[SUPPLIED DATA]

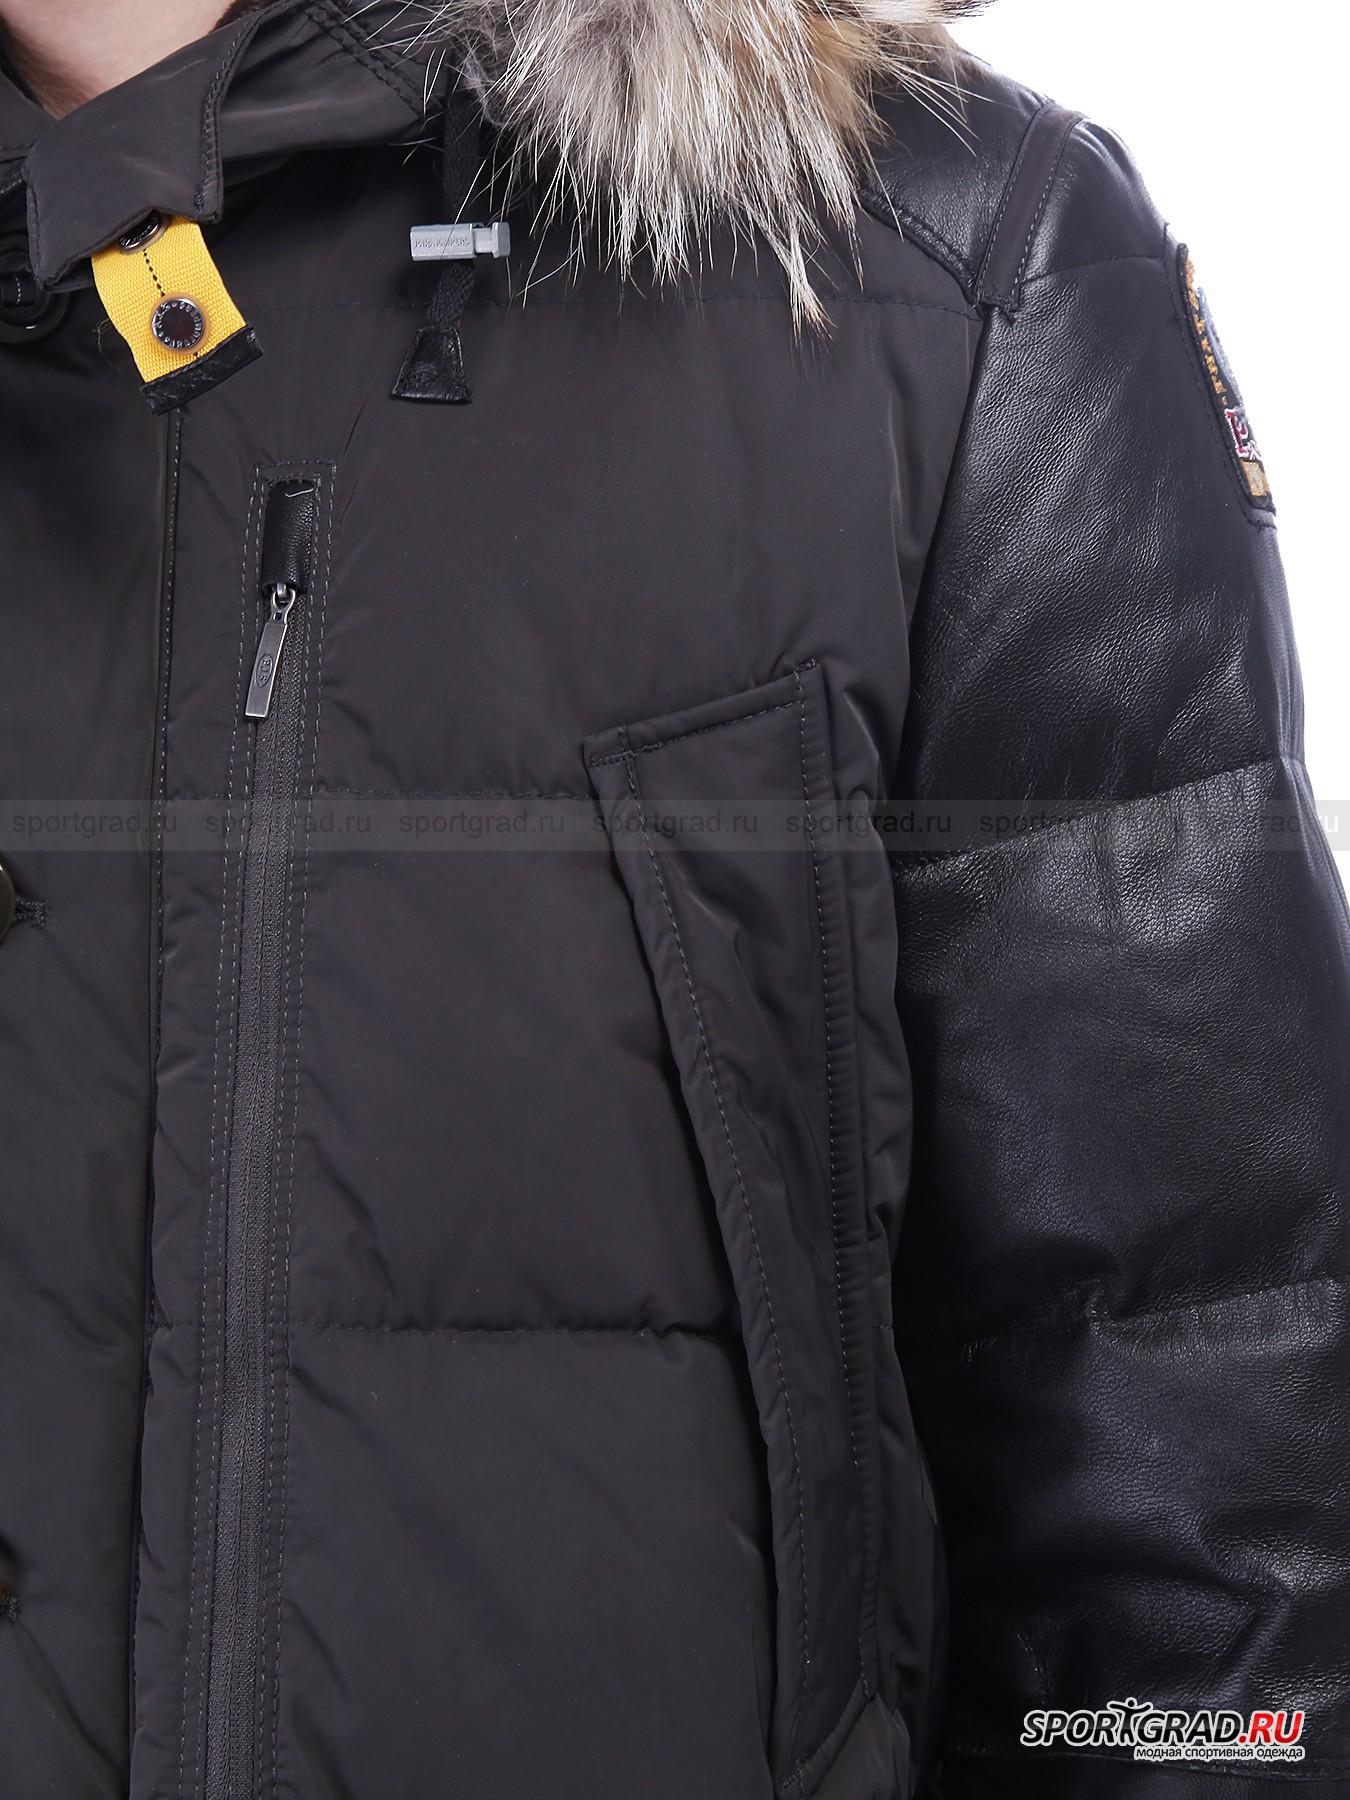 Куртка мужская Dhole PARAJUMPERS от Спортград
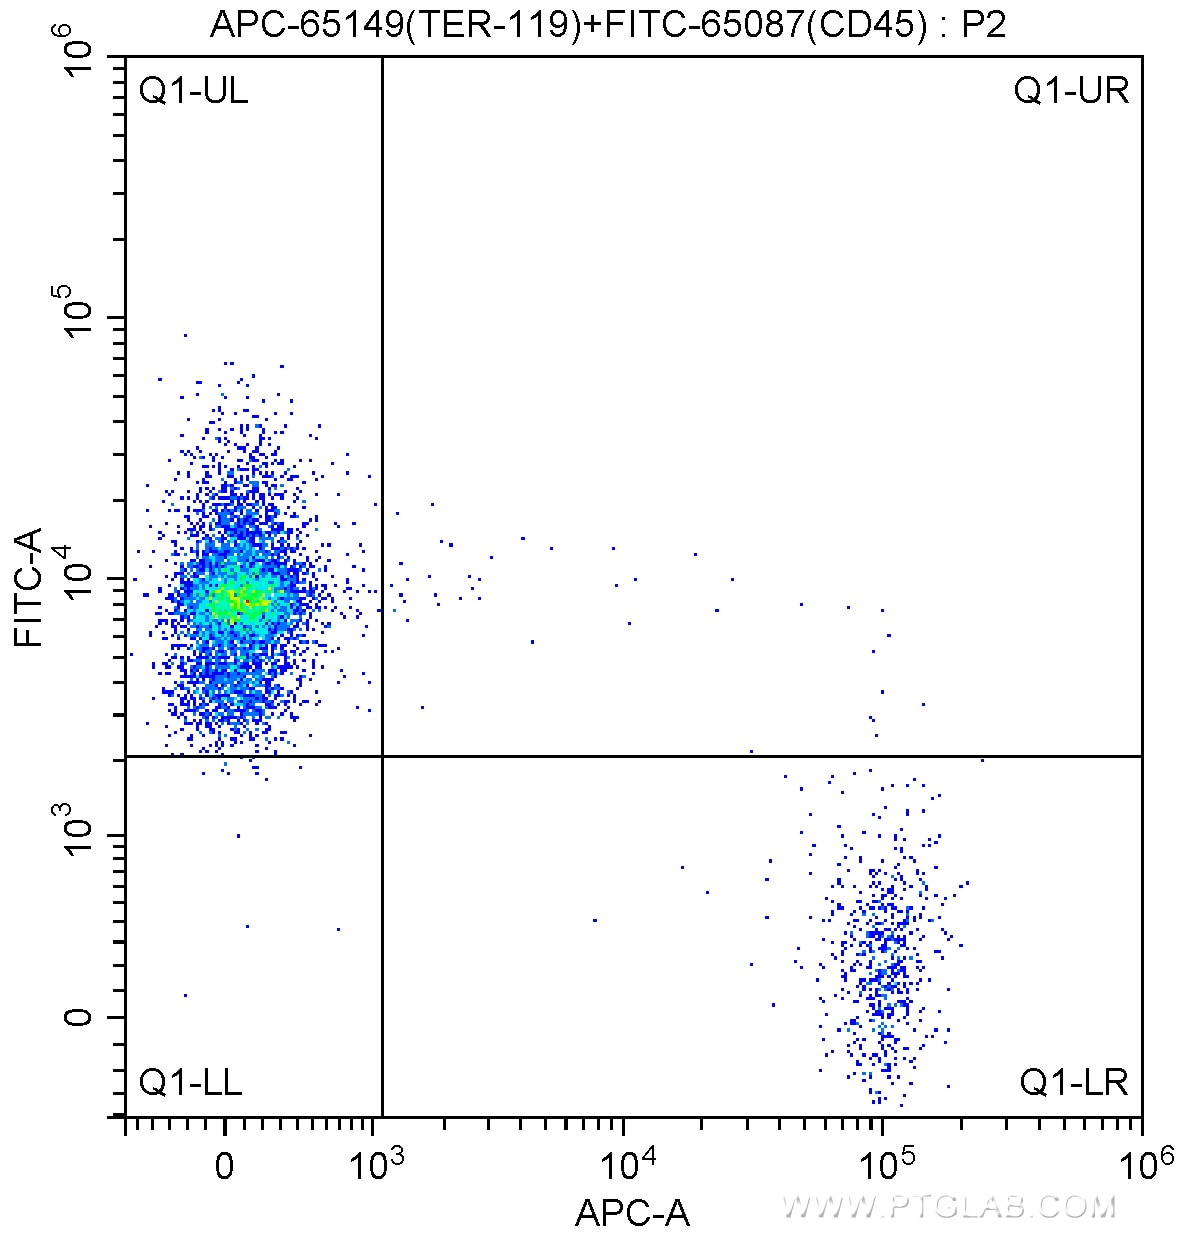 FC experiment of mouse bone marrow cells using APC-65149
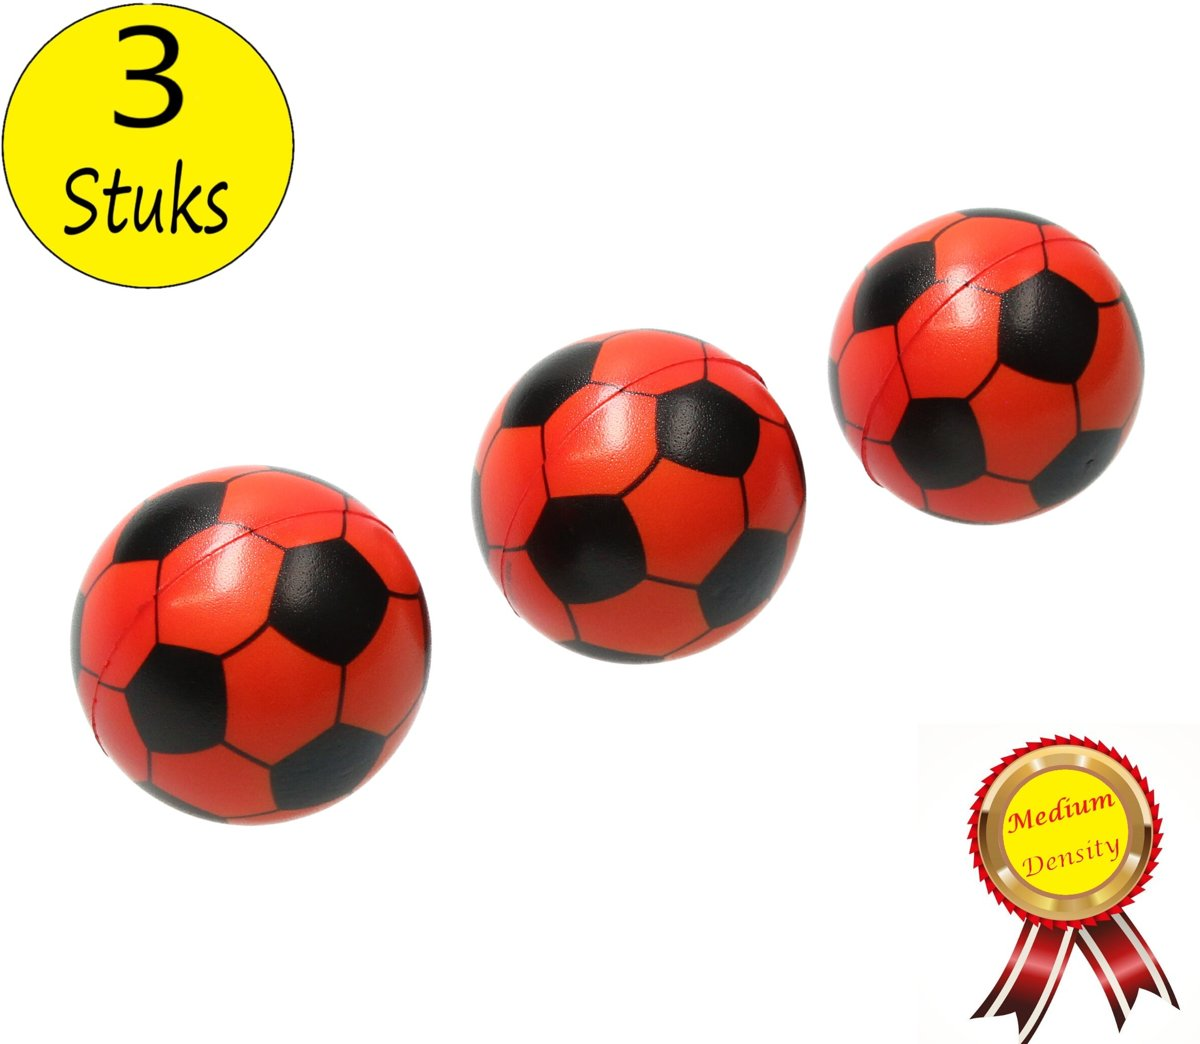 Stressbal Medium Density Voetbal 3 Stuks – Sensomotorische Stimulatie – Anti Stress – Oranje

[INSTRUCTIONS FOR THE TASK] The data must be reproduced exactly, and no picture may appear in the copy.

[EXERCISE SOLUTION]
 Куртка мужская Dhole PARAJUMPERS от Спортград
 FC experiment of mouse bone marrow cells using APC-65149
 Stressbal Medium Density Voetbal 3 Stuks – Sensomotorische Stimulatie – Anti Stress – Oranje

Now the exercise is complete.